Segment Open
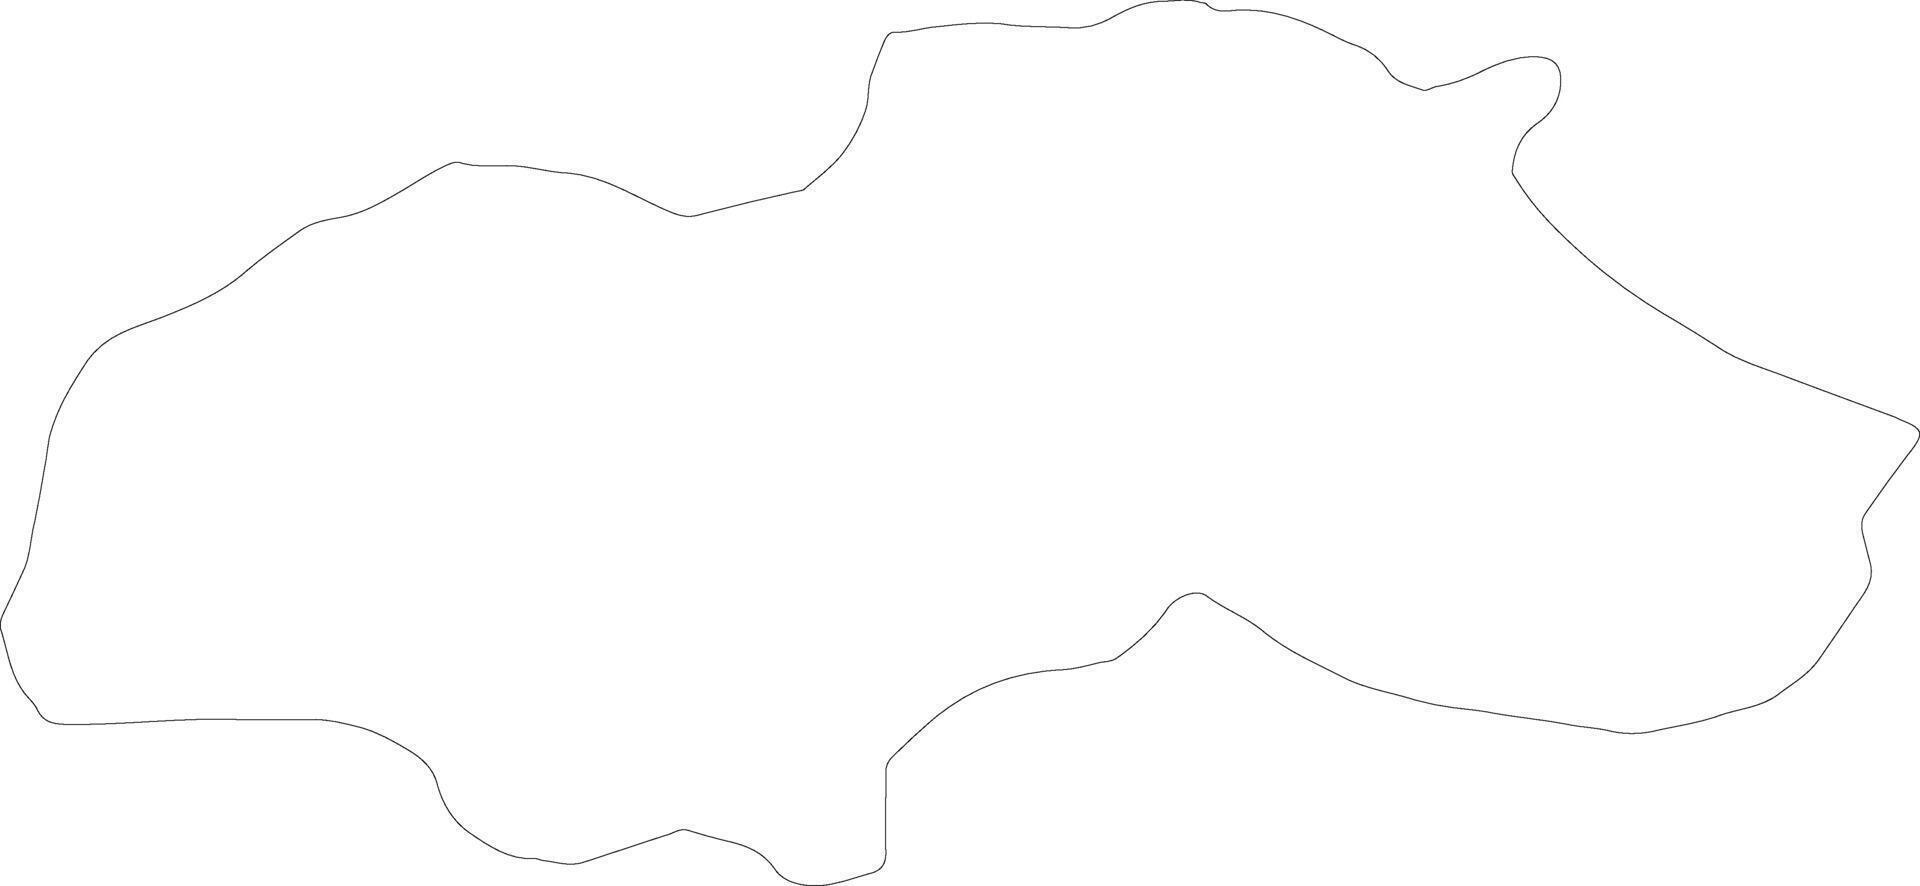 trebnje slovenien översikt Karta vektor
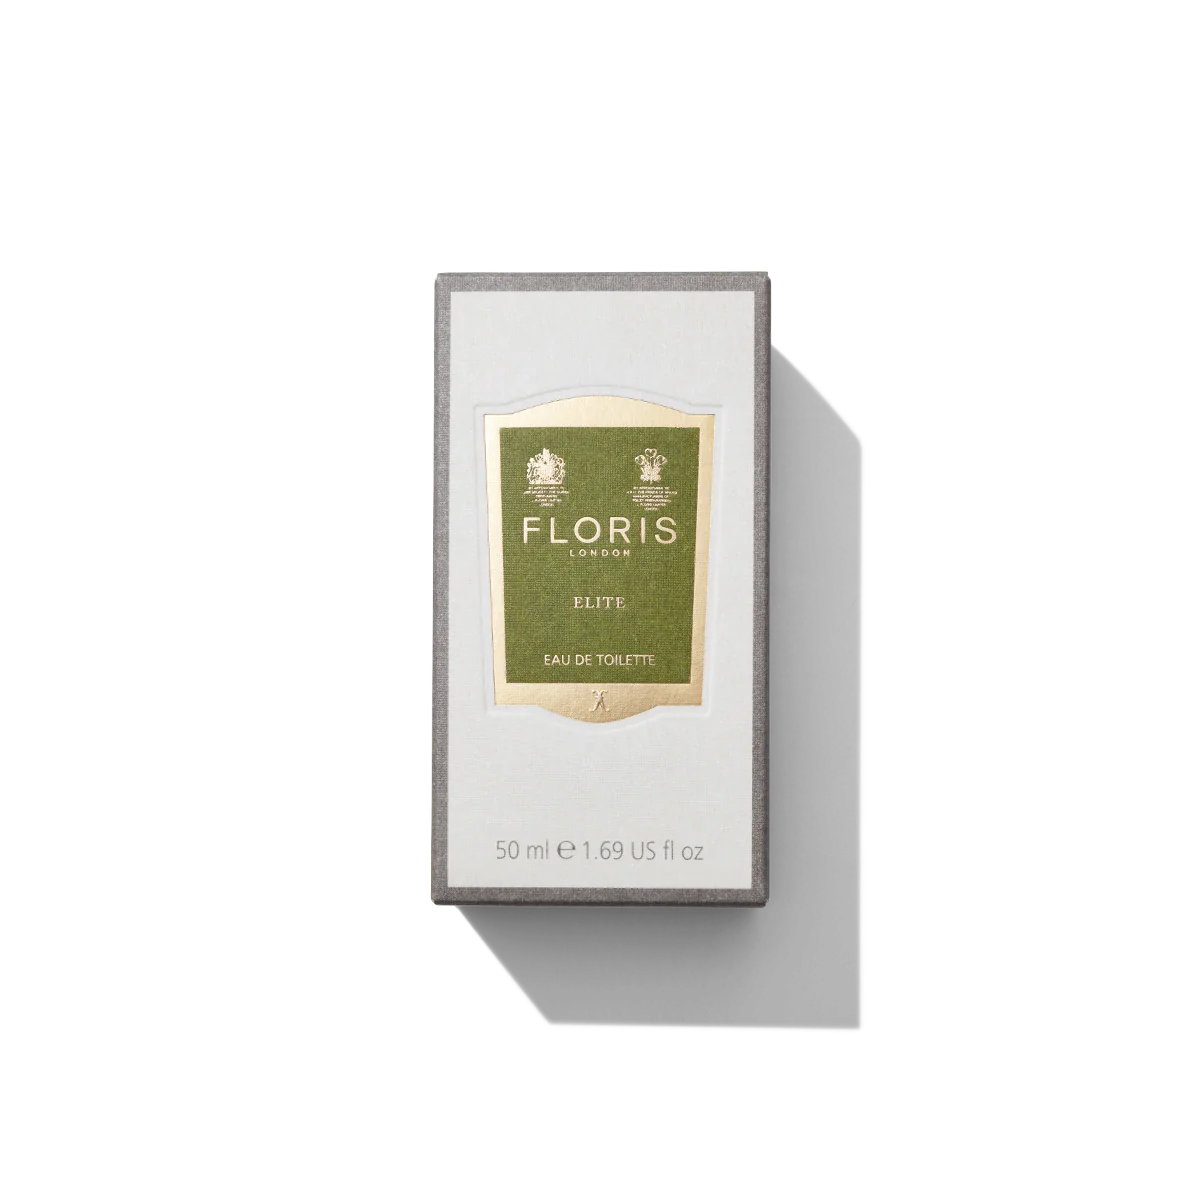 Floris London Elite Eau de Toilette 50ml Box
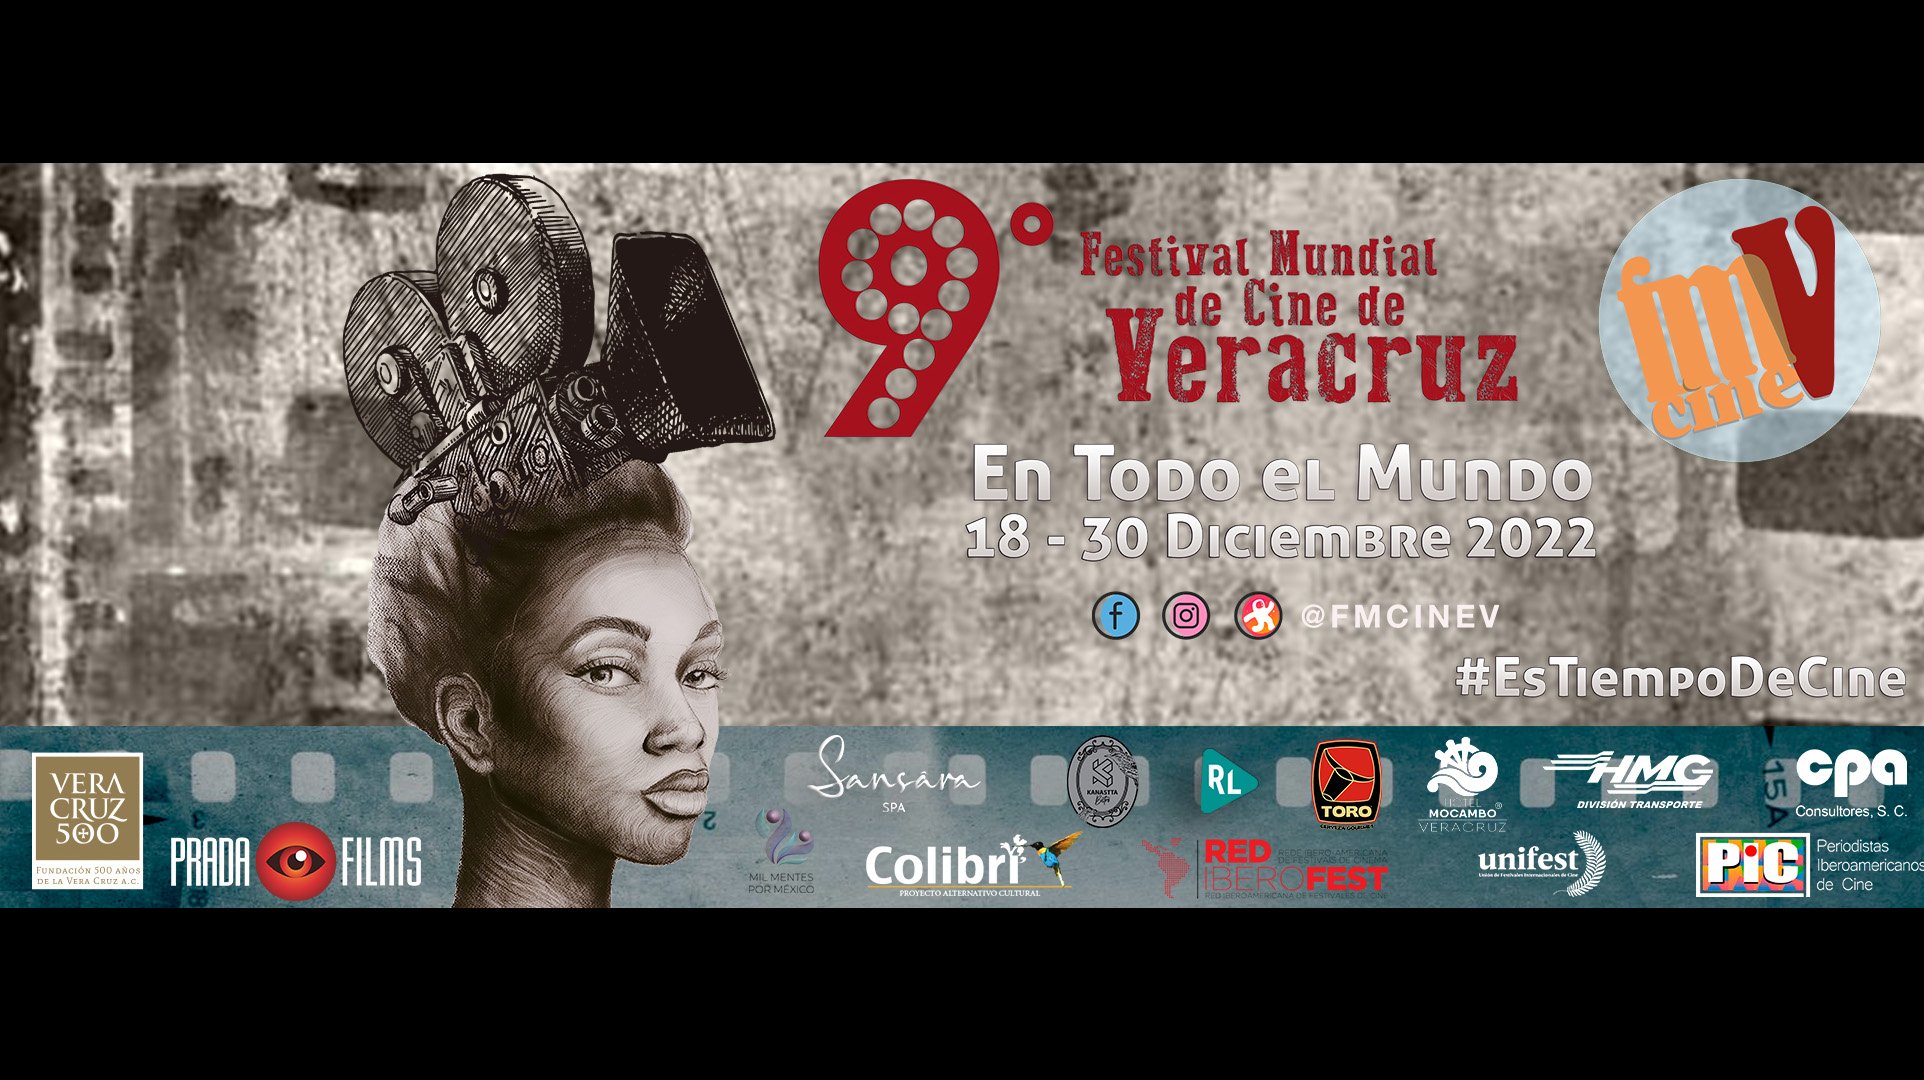 Festival Mundial de Veracruz cuenta con el tercer Premio PIC de este año
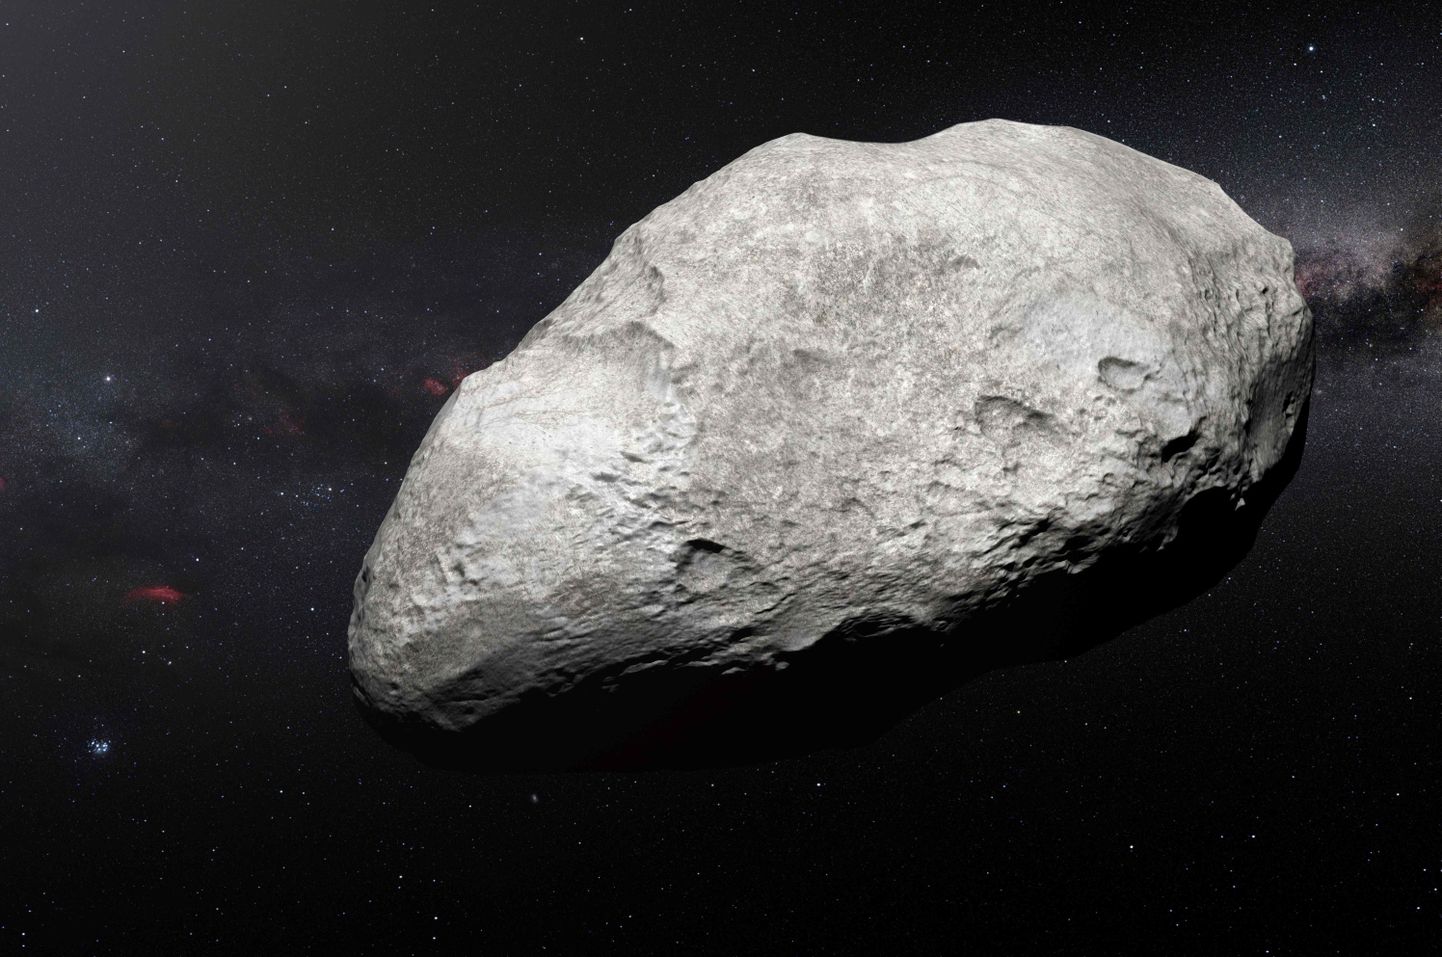 Asteroid. Pilt on illustreeriv
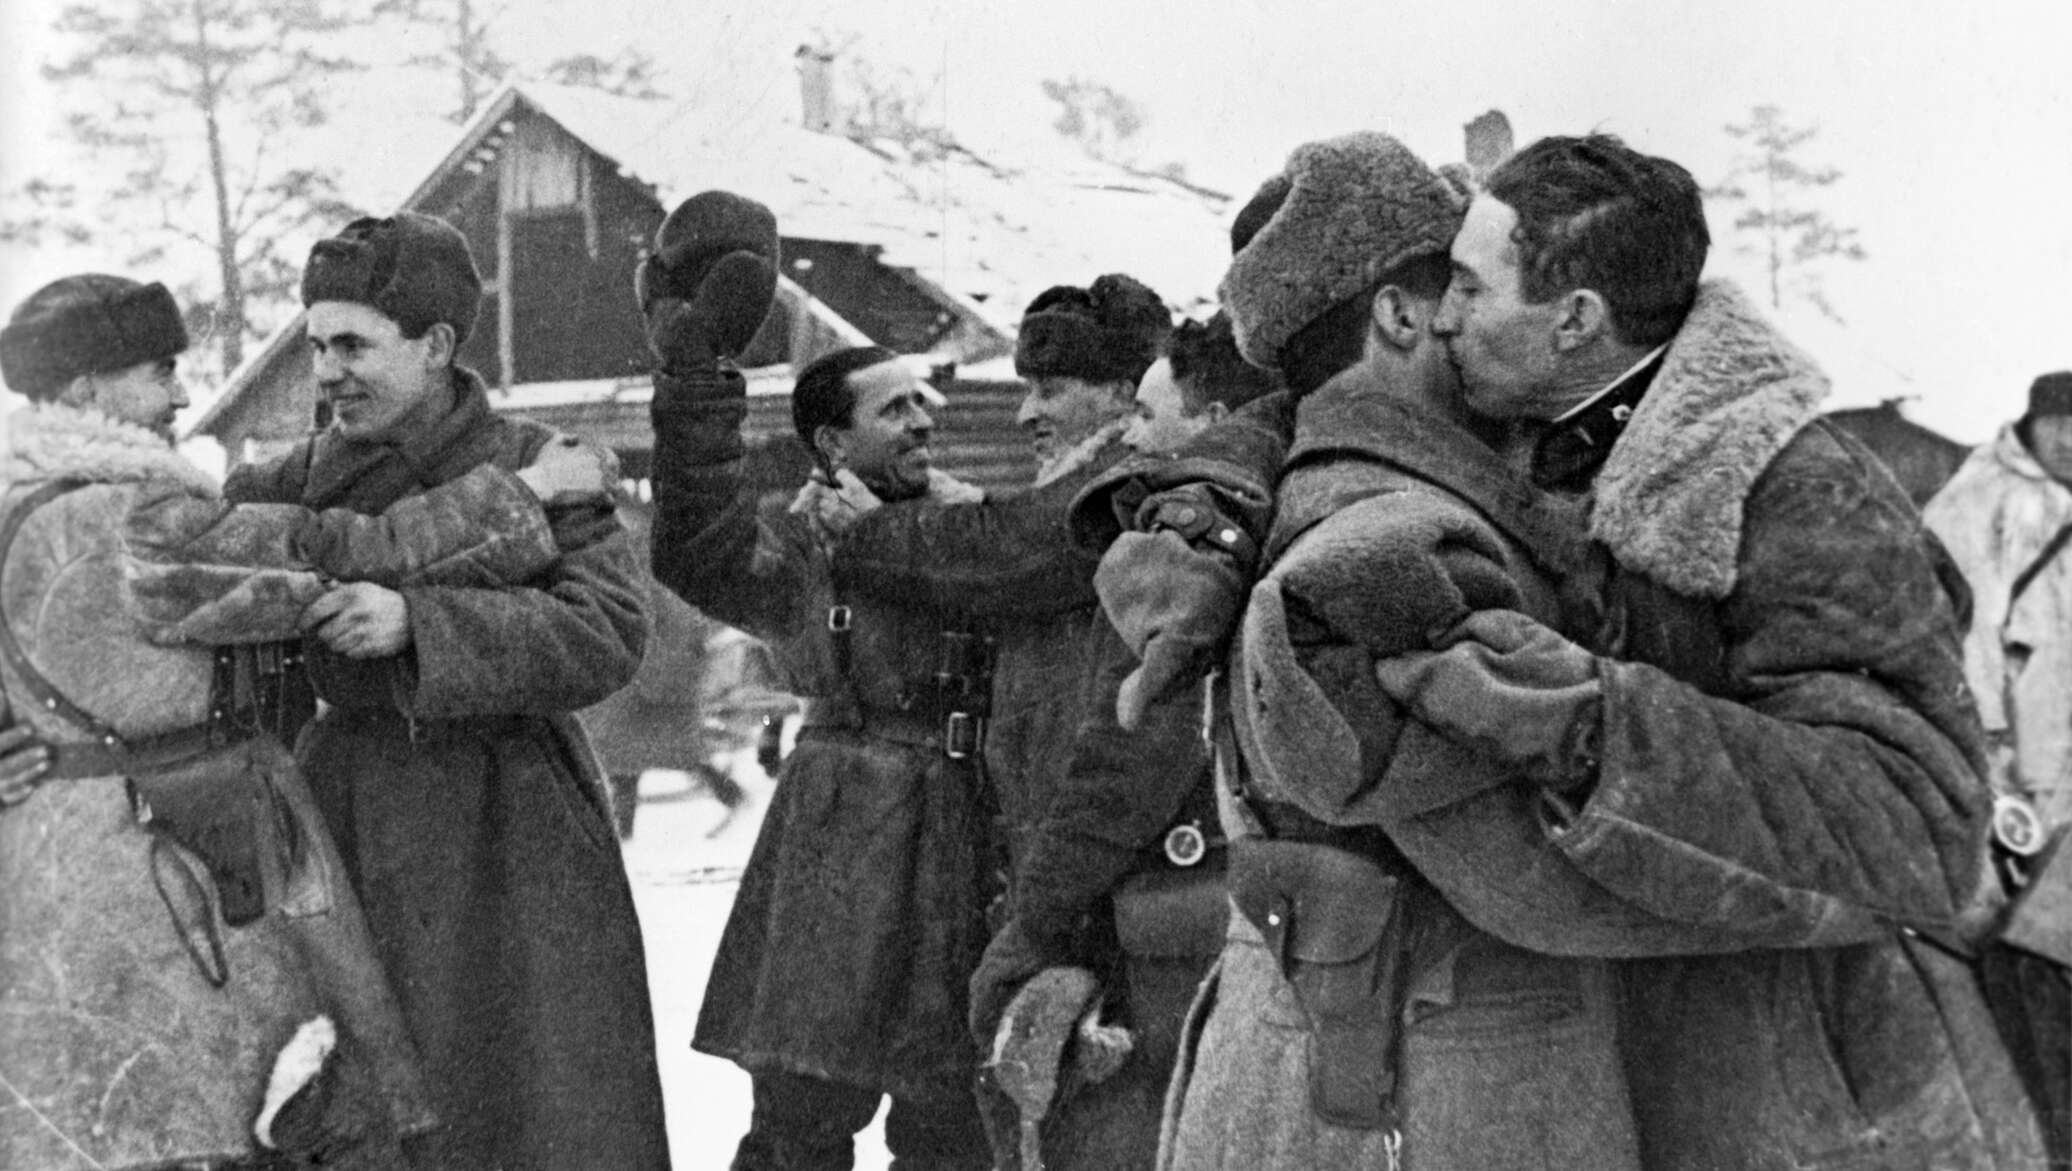 Ленинград 1944 год освобождение
Segment Closed
Task instructions: Leave the pictures aside and transcribe only the lines from the one holding "Floris London Elite Eau de Toilette 50ml Box" through the final line of the records above.

Output of the exercise:
 Floris London Elite Eau de Toilette 50ml Box
 Festival Mundial de Veracruz cuenta con el tercer Premio PIC de este año
 Asteroid. Pilt on illustreeriv
 Ленинград 1944 год освобождение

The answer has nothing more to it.